● Dataset excerpt:

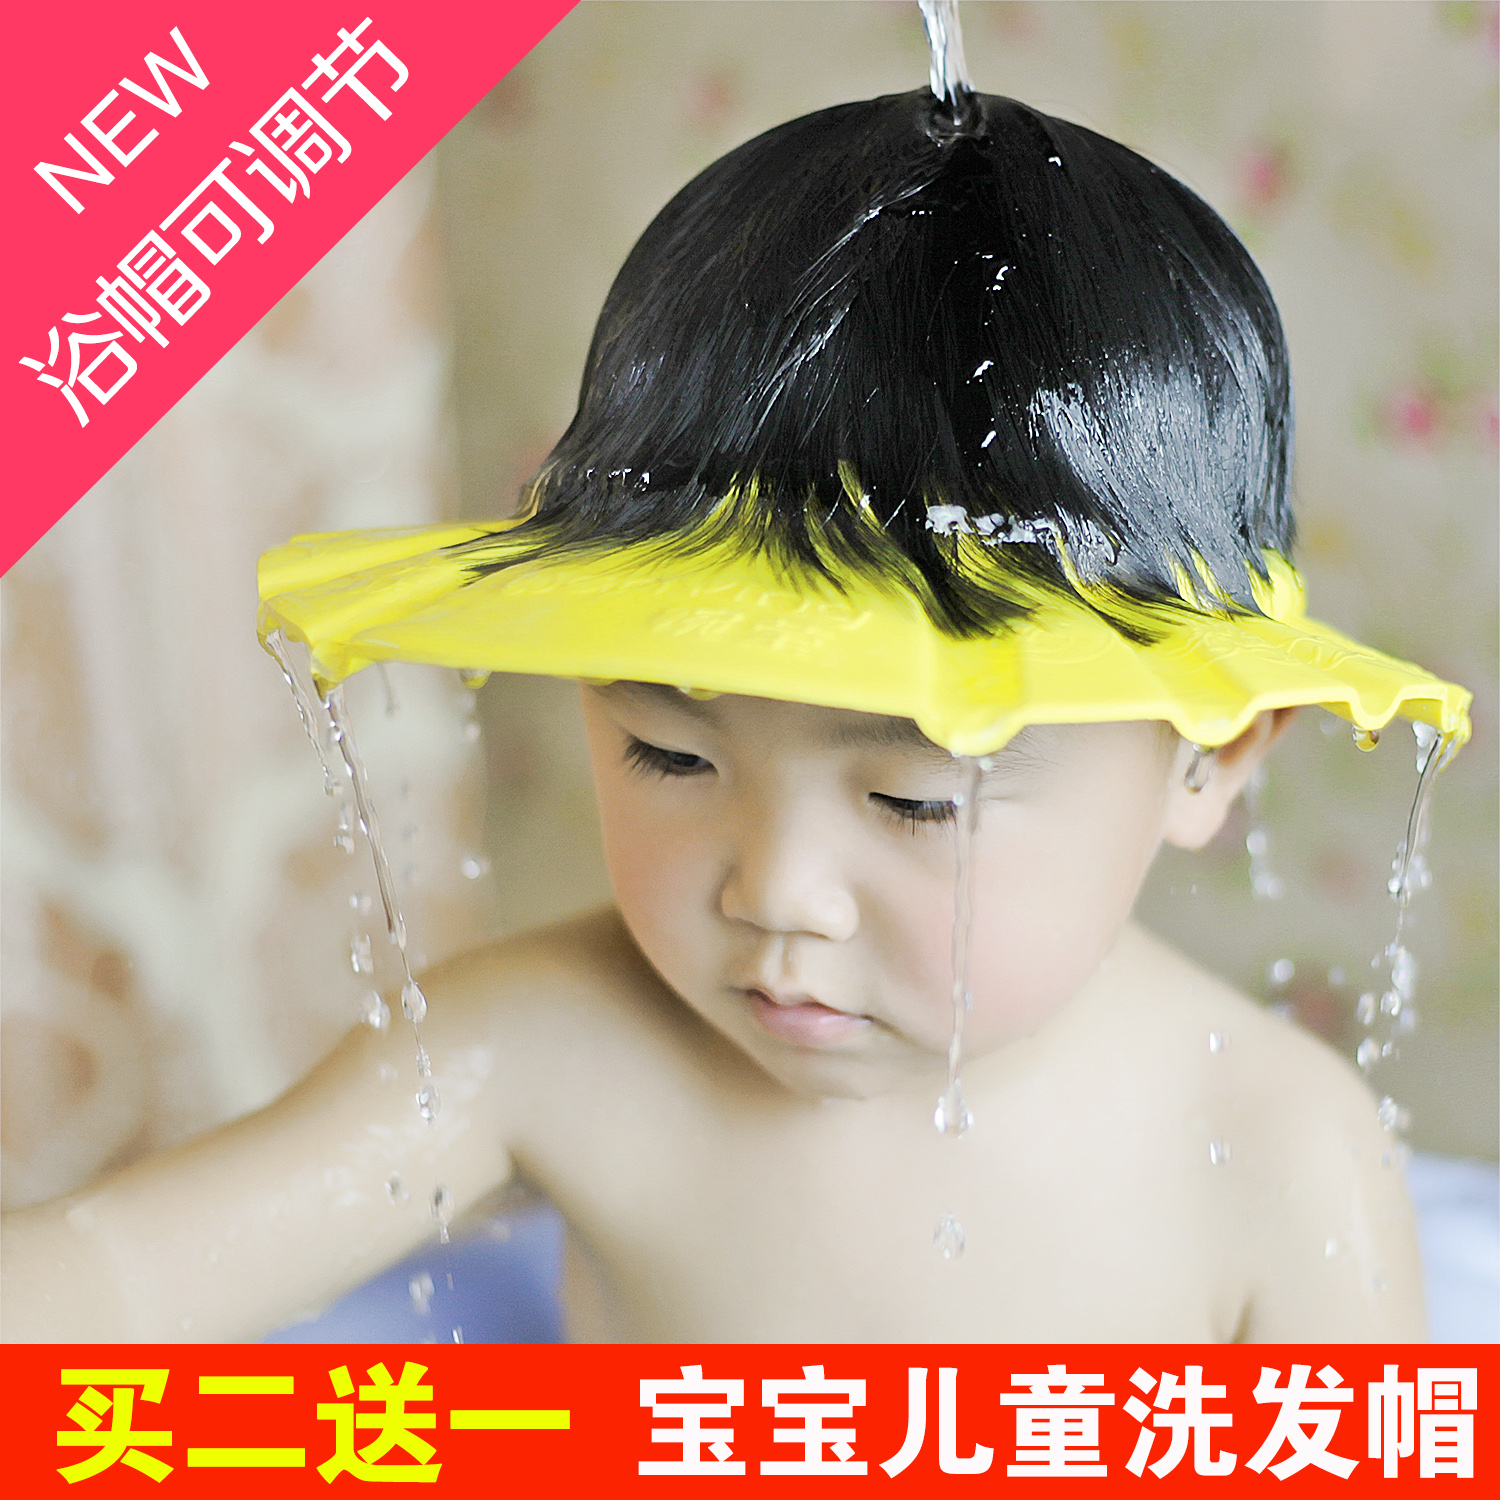 小孩婴儿宝宝洗头帽可调节防水儿童浴帽护耳护帽洗澡帽洗发帽包邮
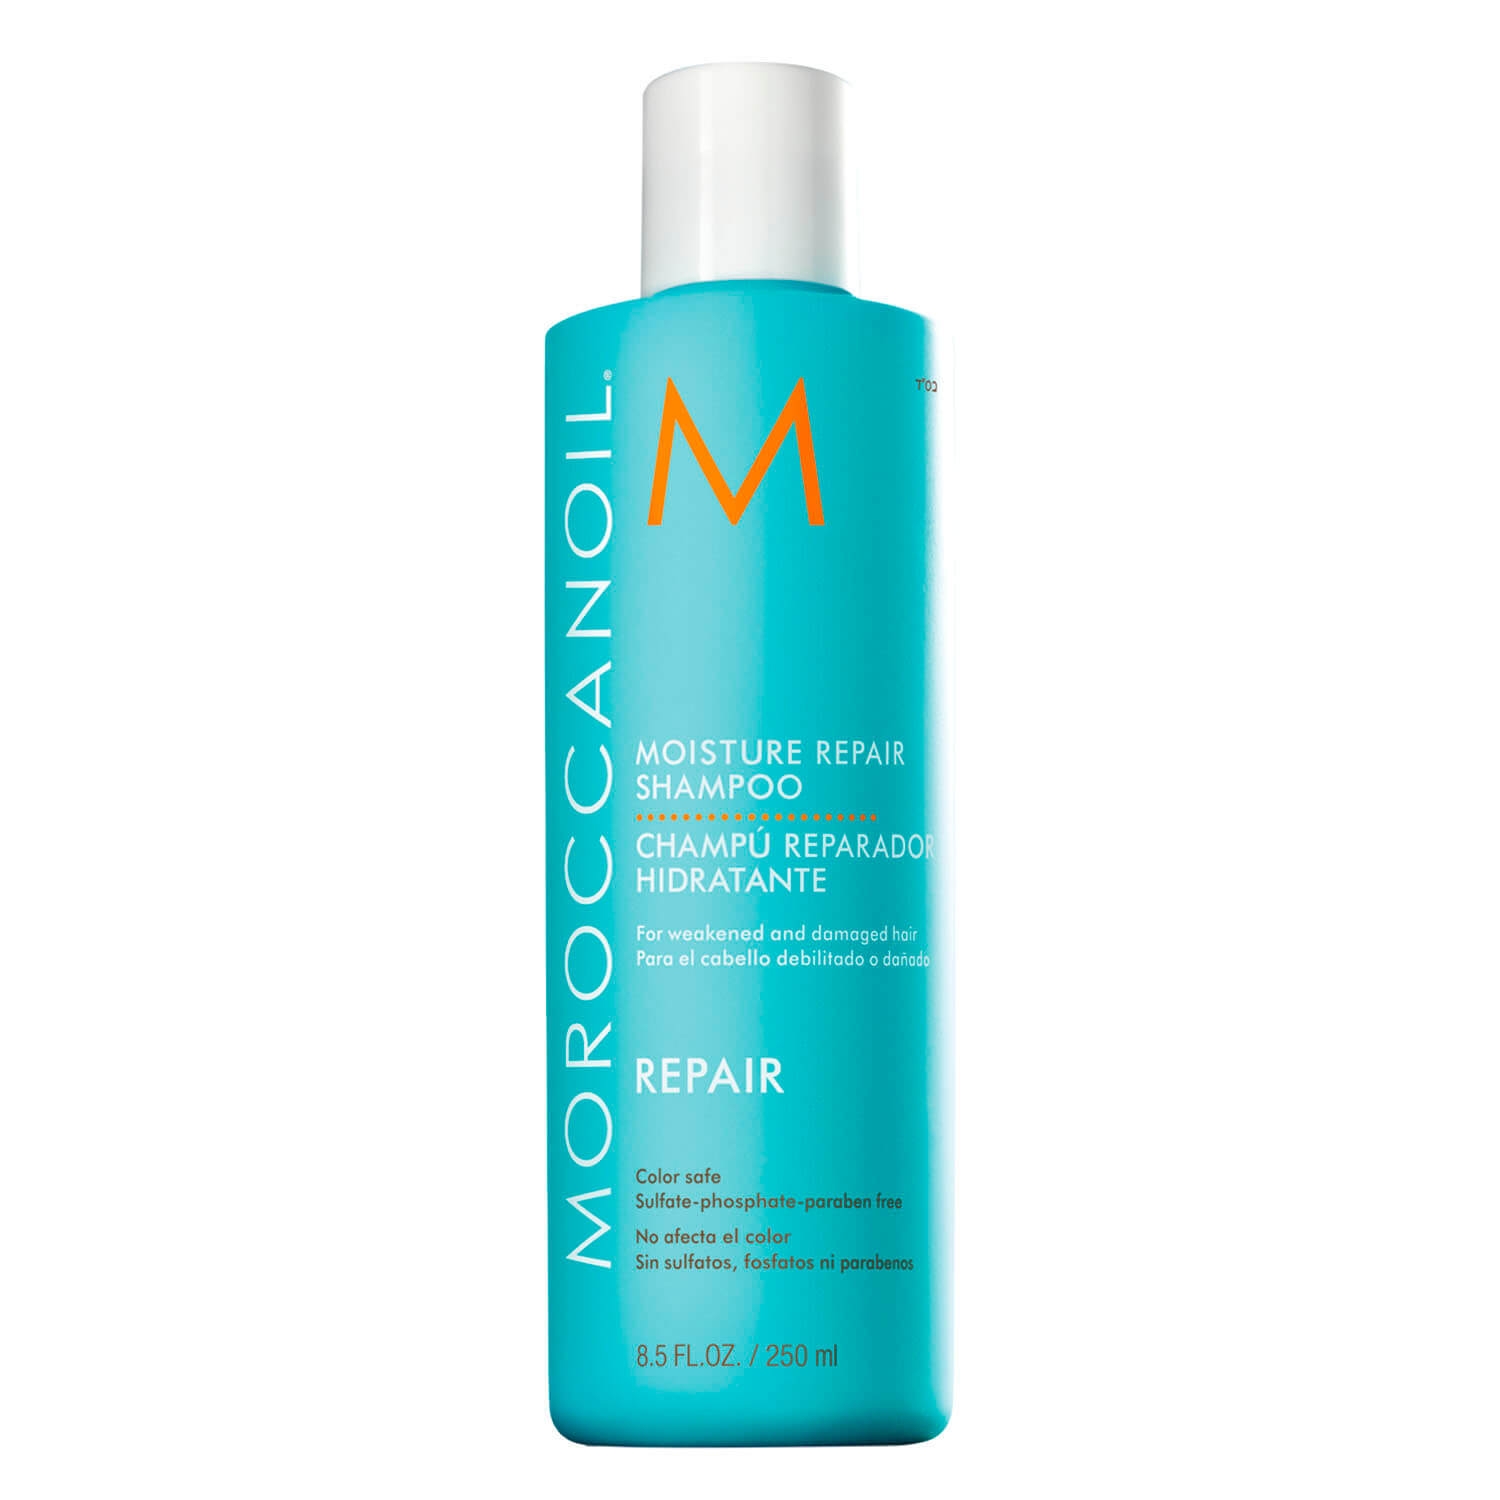 Produktbild von Moroccanoil - Moisture Repair Shampoo
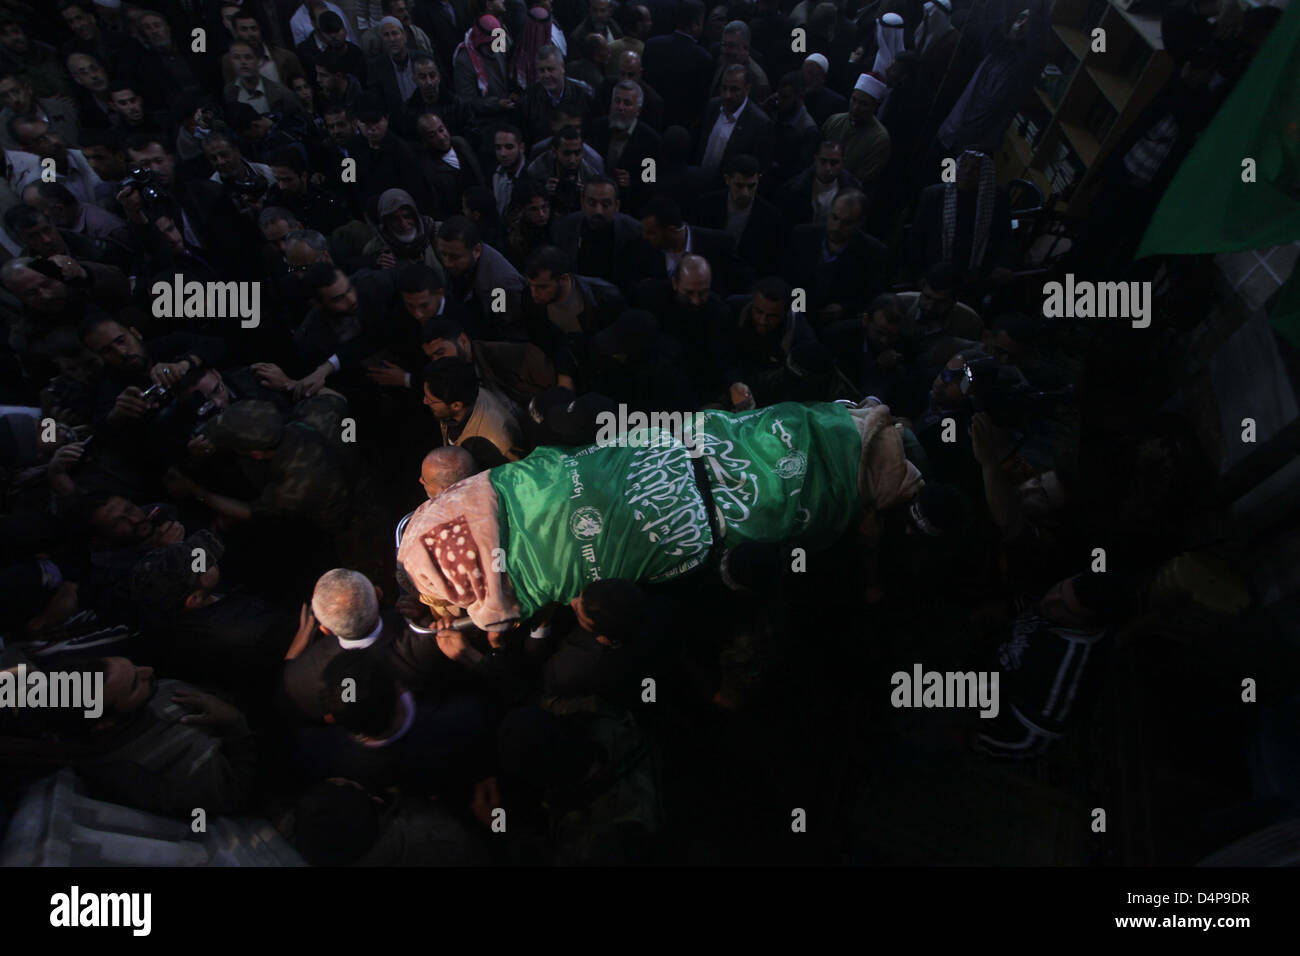 Mar 17, 2013 - La ville de Gaza, bande de Gaza - Le Hamas militants entourent le corps de femelle du Hamas législateur Mariam Farahat lors de ses funérailles à la mosquée al-Omari, dans la ville de Gaza. Farahat, qui est devenu une icône pour les femmes palestiniennes à Gaza pour perdre trois de ses fils dans le conflit israélo-palestinien, est décédé le dimanche après une longue lutte contre la maladie. (Crédit Image : ©/ZUMAPRESS.com) apaimages Banque D'Images
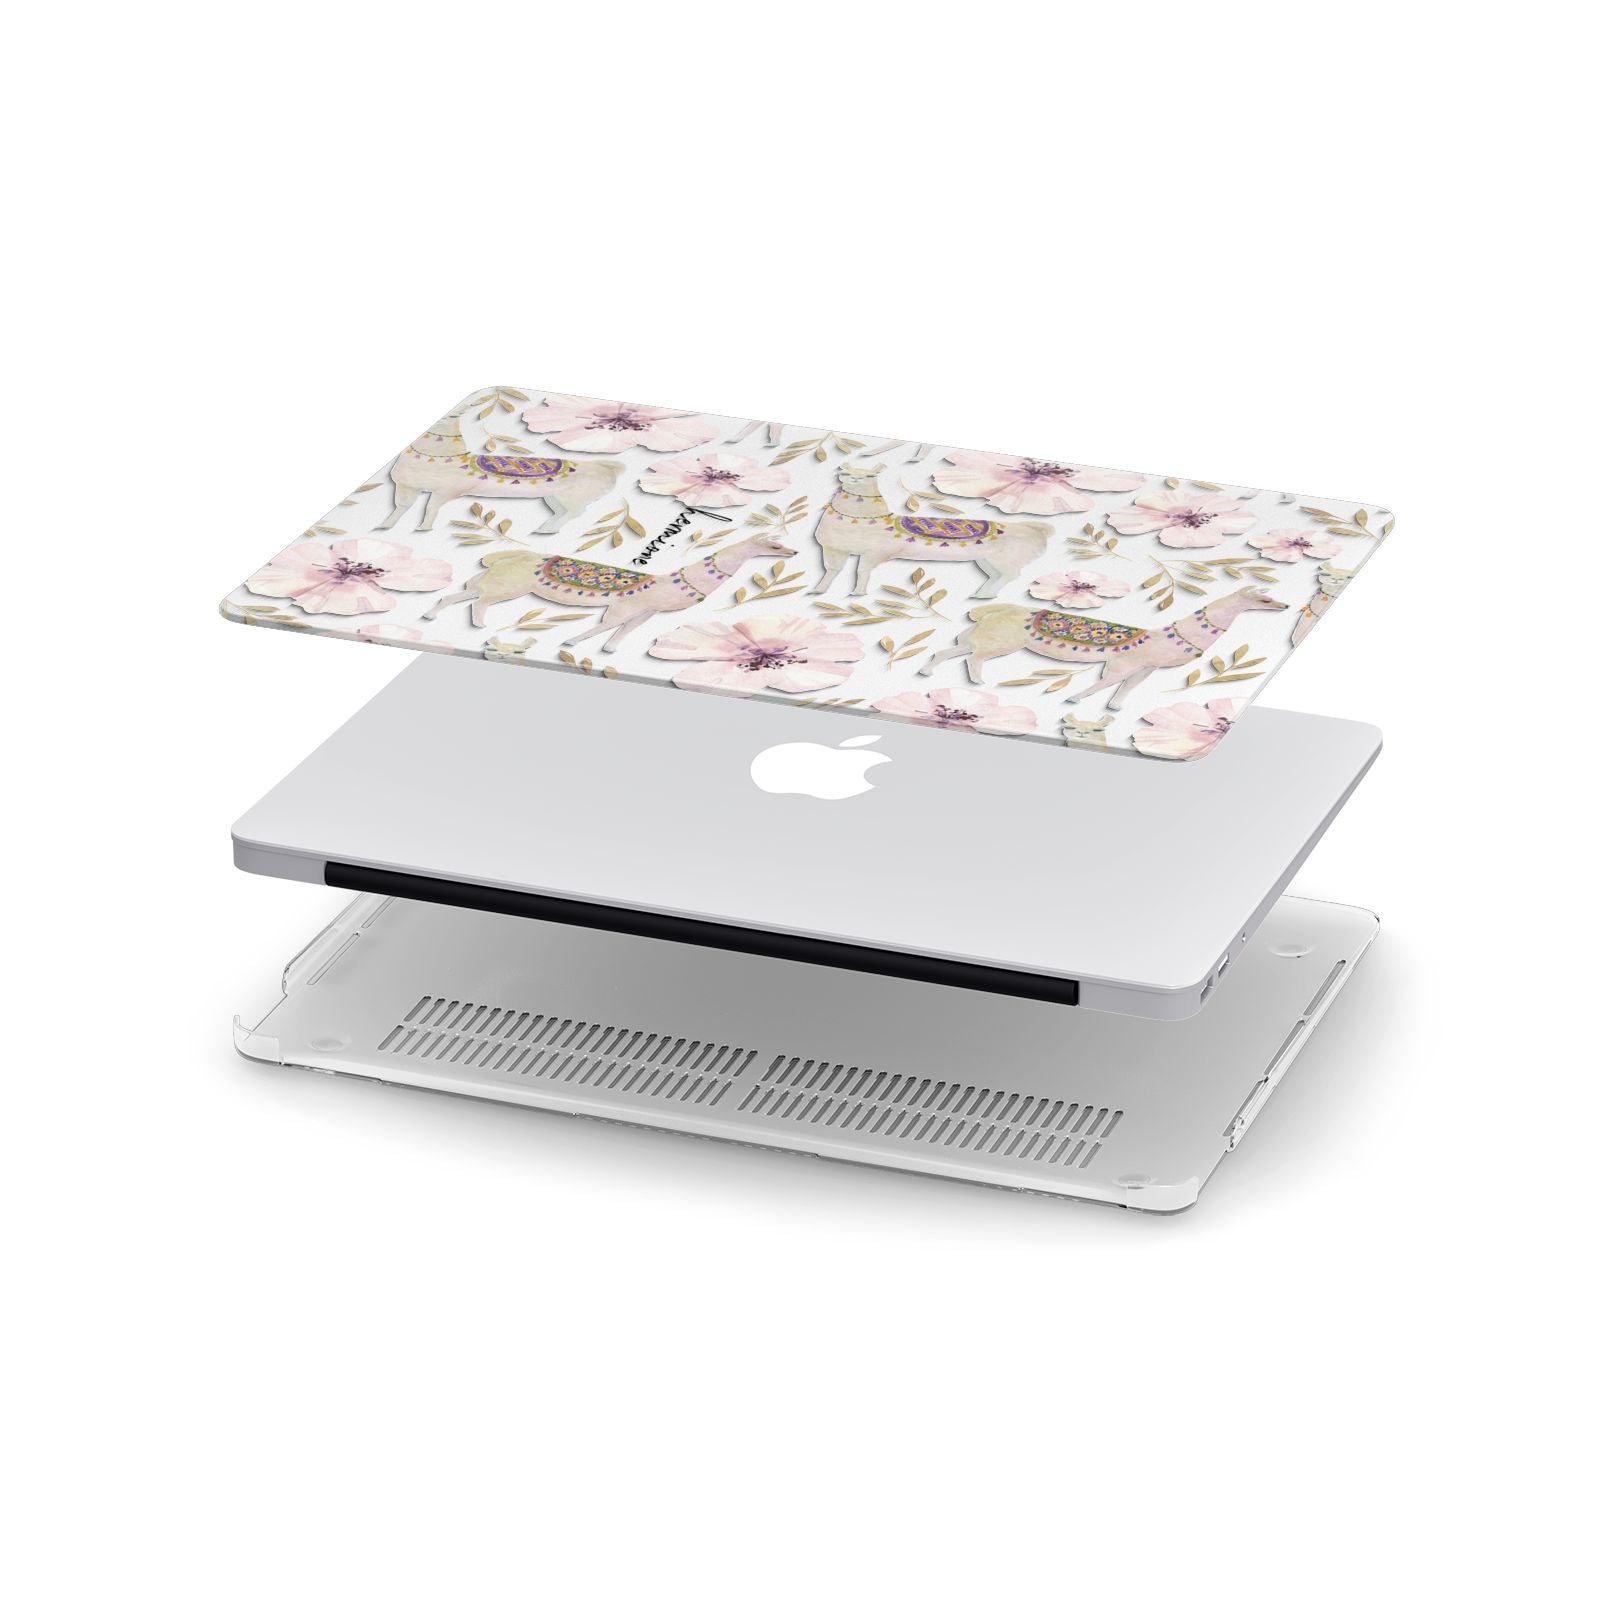 Personalised Llamas Apple MacBook Case in Detail

● Instructions for the task: Output all of the data exactly as it stands, minus any images.

● Solved problem:
 小孩婴儿宝宝洗头帽可调节防水儿童浴帽护耳护帽洗澡帽洗发帽包邮
 Produktbild von Moroccanoil - Moisture Repair Shampoo
 Mar 17, 2013 - La ville de Gaza, bande de Gaza - Le Hamas militants entourent le corps de femelle du Hamas législateur Mariam Farahat lors de ses funérailles à la mosquée al-Omari, dans la ville de Gaza. Farahat, qui est devenu une icône pour les femmes palestiniennes à Gaza pour perdre trois de ses fils dans le conflit israélo-palestinien, est décédé le dimanche après une longue lutte contre la maladie. (Crédit Image : ©/ZUMAPRESS.com) apaimages Banque D'Images
 Personalised Llamas Apple MacBook Case in Detail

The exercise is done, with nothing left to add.